Hyderabad, Dec 3 (IANS) In October, everything had come to a standstill in Telangana as the movement for a separate state for this underdeveloped region of Andhra Pradesh was at its peak and it looked like the central government would yield to pressure tactics. A month later, all the guns appear to have fallen silent.

A few days before the second anniversary of the central government’s announcement Dec 9, 2009, to initiate the process for carving out a Telangana state, the dream of a separate state still looks like a distant one. Political parties are fighting for one-upmanship and appearing more interested in pushing the issue to the 2014 elections for reaping the benefits.

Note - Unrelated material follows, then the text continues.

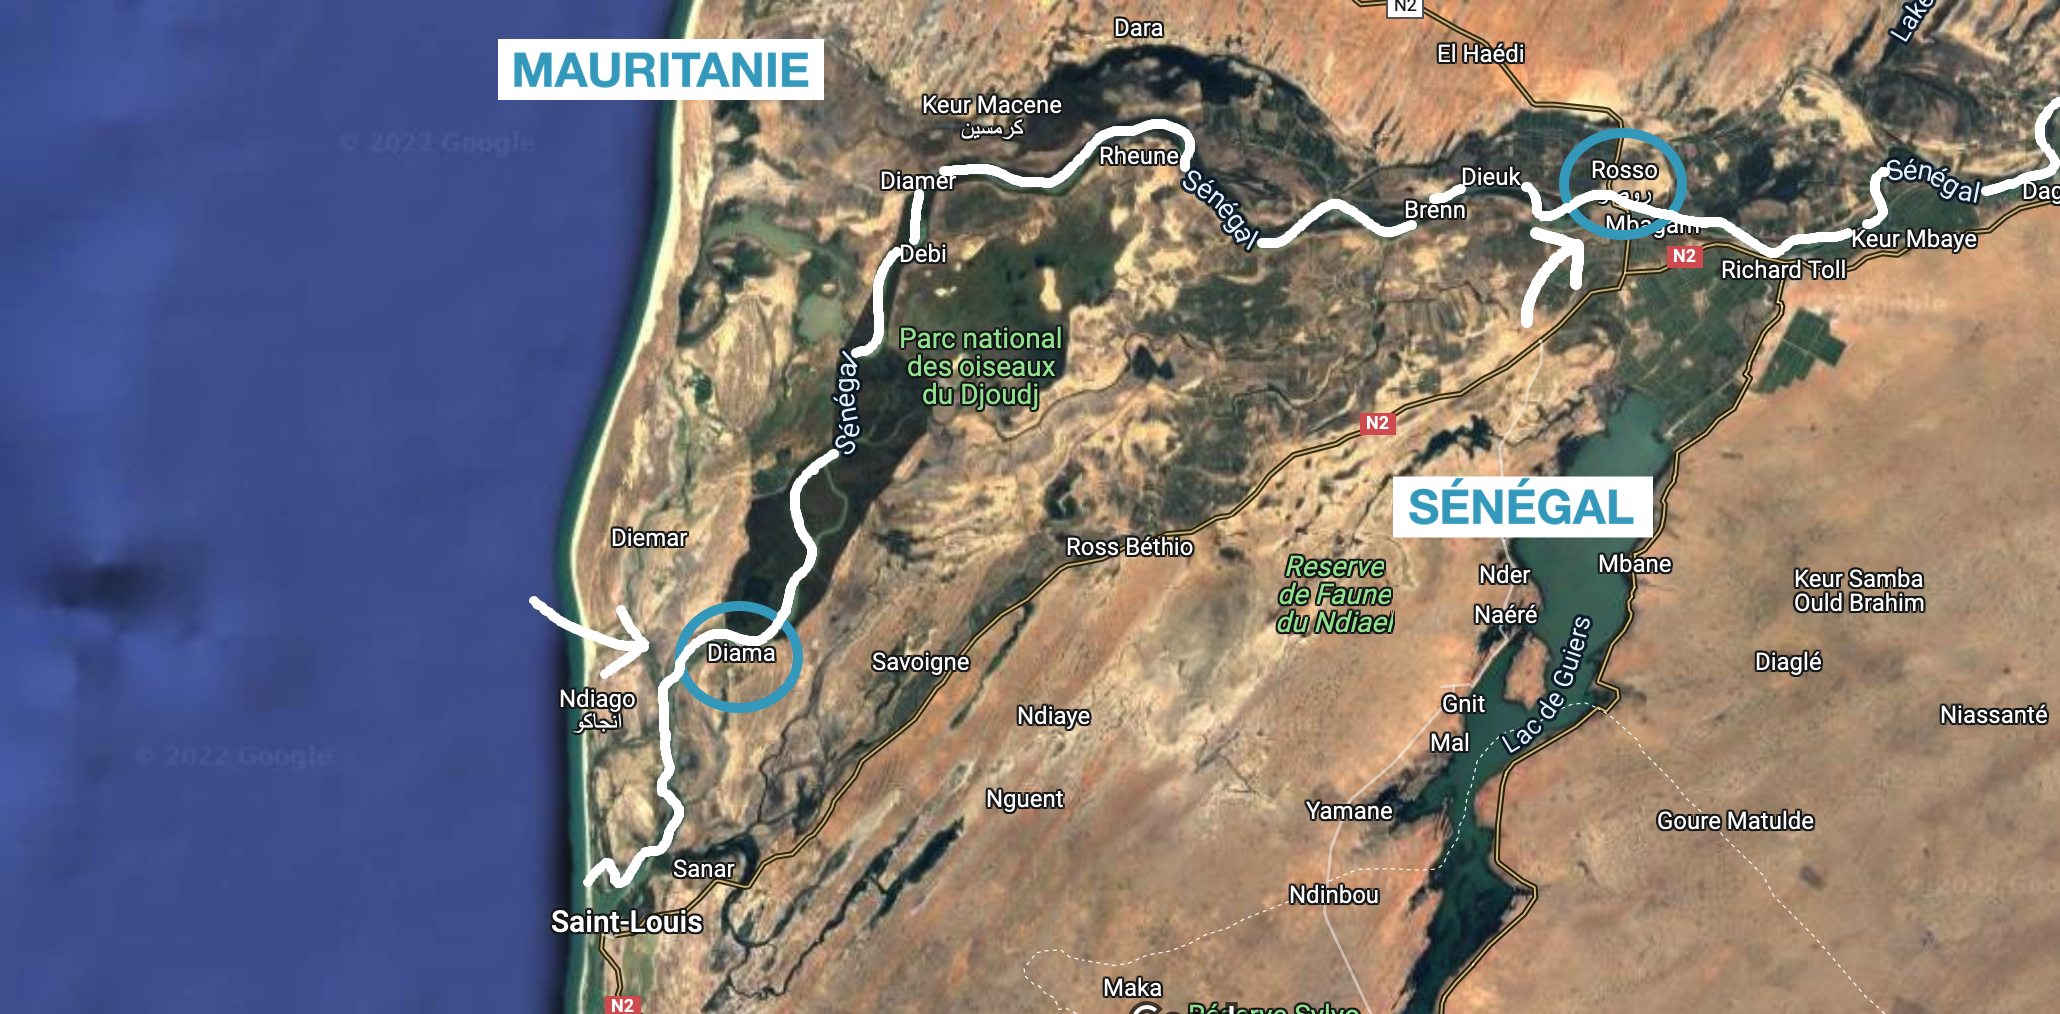 frontière senegal mauritanie diama rosso
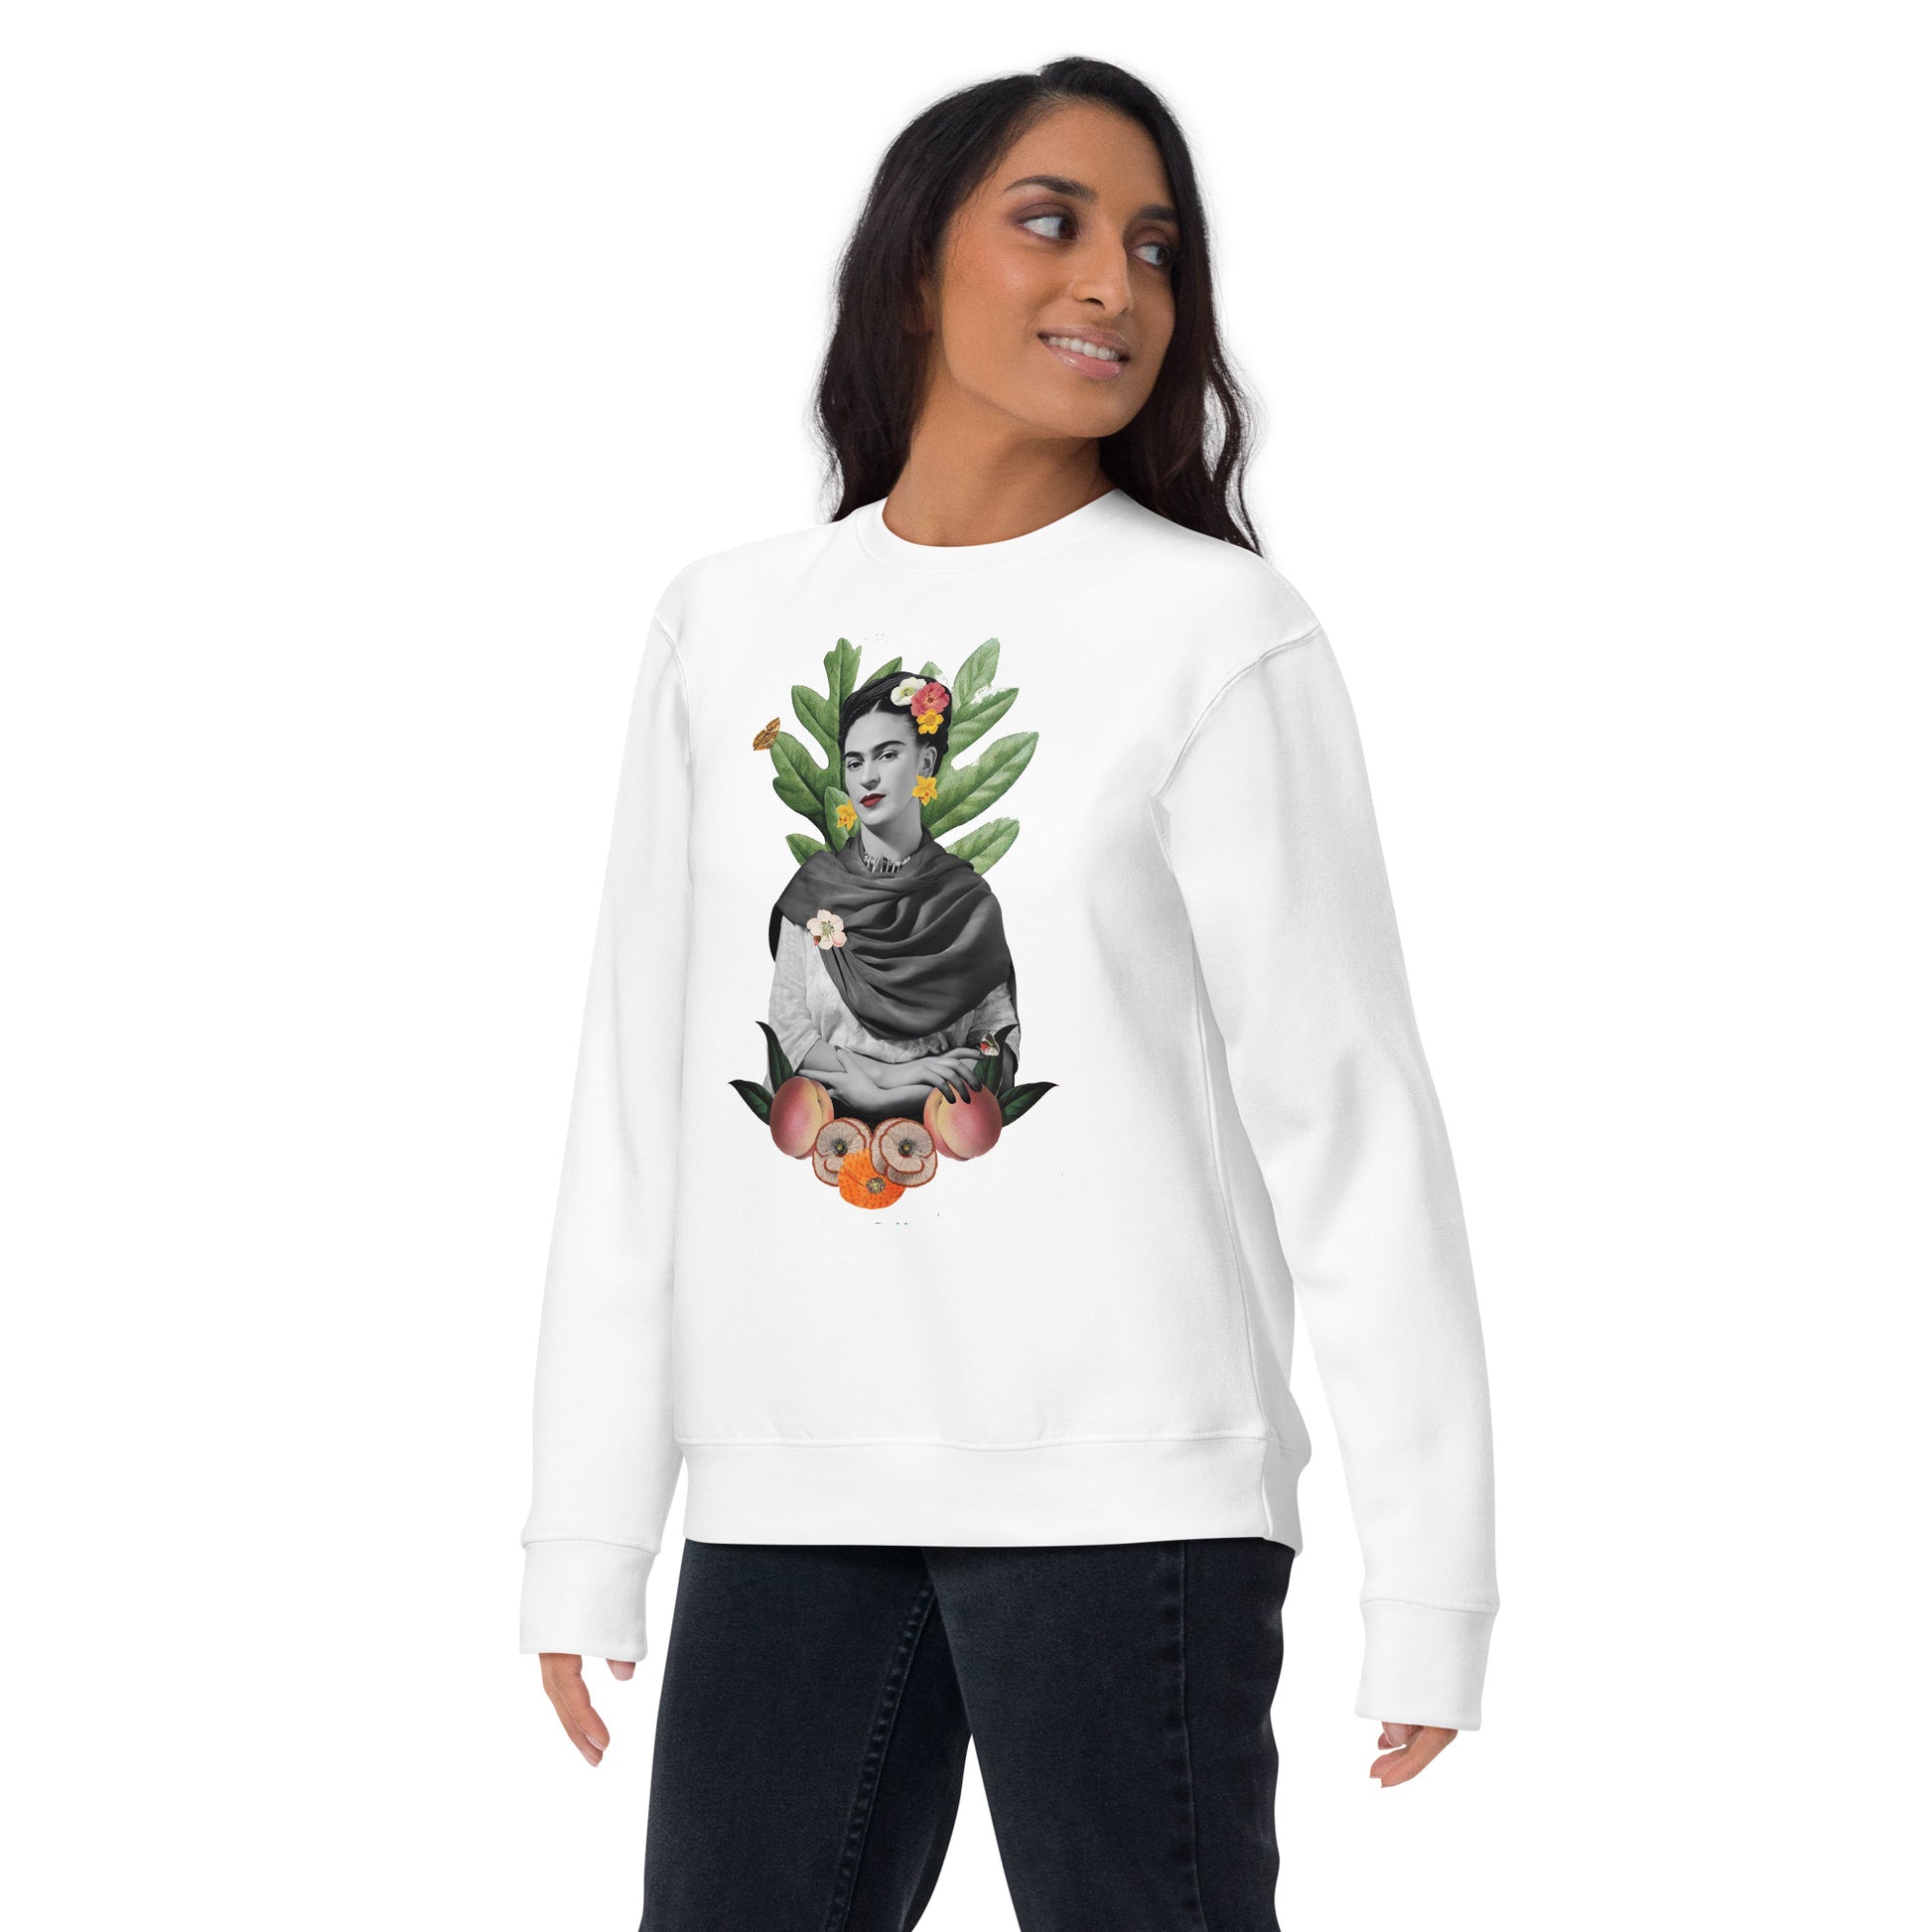 Suéter de Frida Floral ,Descubre calidad excepcional y estampados duraderos. Encuentra estilo y orgullo en cada prenda. Compra ahora!

After government employees and mine and transport workers called off their 42-day-long strike Oct 24, the movement virtually disappeared from the streets in the region comprising 10 districts, including Hyderabad, and is now confined to the legislature and political circles.

With the region’s political and non-political groups in total disarray and frequent strikes alienating people, it is not surprising that the central government too has developed cold feet over the issue and is even dropping hints that a separate state will not be a reality, at least in the near future.

Even the protest in parliament by Congress MPs from Telangana and two MPs of the Telangana Rashtra Samithi (TRS) has been drowned in the din over foreign equity in the retail sector.

With the political leadership losing credibility among the Telangana people for setting frequent deadlines without achieving anything, a sense of frustration has engulfed youth and students, which is reflected in their suicides.

The mass strike saw the Telangana movement reach its highest peak since TRS revived it a decade ago, but going by the present public mood, it looks unlikely if any political party can give it a new lease of life in the near future.

Even the Telangana Joint Action Committee (JAC), comprising TRS, the Bharatiya Janata Party (BJP) and some other groups, appears to have given up, as it dropped its grandiose plans to hold a million-man march on the lines of protests in Egypt.

TRS chief K. Chandrasekhara Rao, whose 11-day hunger strike had forced the central government to make the Dec 9, 2009, announcement, is also having second thoughts on carrying out his threat of another ‘fast-unto-death’.

TRS critics blame it for the present situation, saying it is only interested in furthering its own political agenda.

‘It was never a people’s movement but a movement led by a political party which has a shortsighted agenda,’ P.L. Visweswara Rao, chairman of the Telangana Intellectual Forum, told IANS.

‘A people’s movement is one in which all sections of people and all castes participate. The present movement is being run by some upper caste people,’ said Visweswara Rao, a former head of the journalism department at Osmania University.

As a student of the same university, he had participated in the 1969 movement. ‘That was a real people’s movement,’ Rao recalled.

Both political and non-political critics of TRS feel the party is only interested in strengthening itself as proved by five legislators – three of the Congress and two of the TDP – joining its ranks.

‘TRS has no credibility. It says it is opposed to Polavaram, but gets a contract for the same,’ said Visweswara Rao in an obvious reference to the allegation that a company which invested in a daily owned by the TRS chief bagged the contract for the irrigation project in the Andhra region.

Visweswara Rao believes a people’s movement has to be transparent. ‘People want to know why the indefinite strike was called off and what deal led to the JAC suddenly withdrawing the strike,’ he said.

He, along with veteran freedom fighter Konda Lakshman Bapuji and other Telangana protagonists, is now trying to build the people’s movement by bringing all the groups together.

He claims it would be an ideological platform with a common agenda of achieving the Telangana state.

They acknowledge that it would be an arduous task, given the serious differences among dozens of groups and the fact that all the three major parties – TRS, the Congress and the Telugu Desam Party (TDP) – are not willing to share a platform.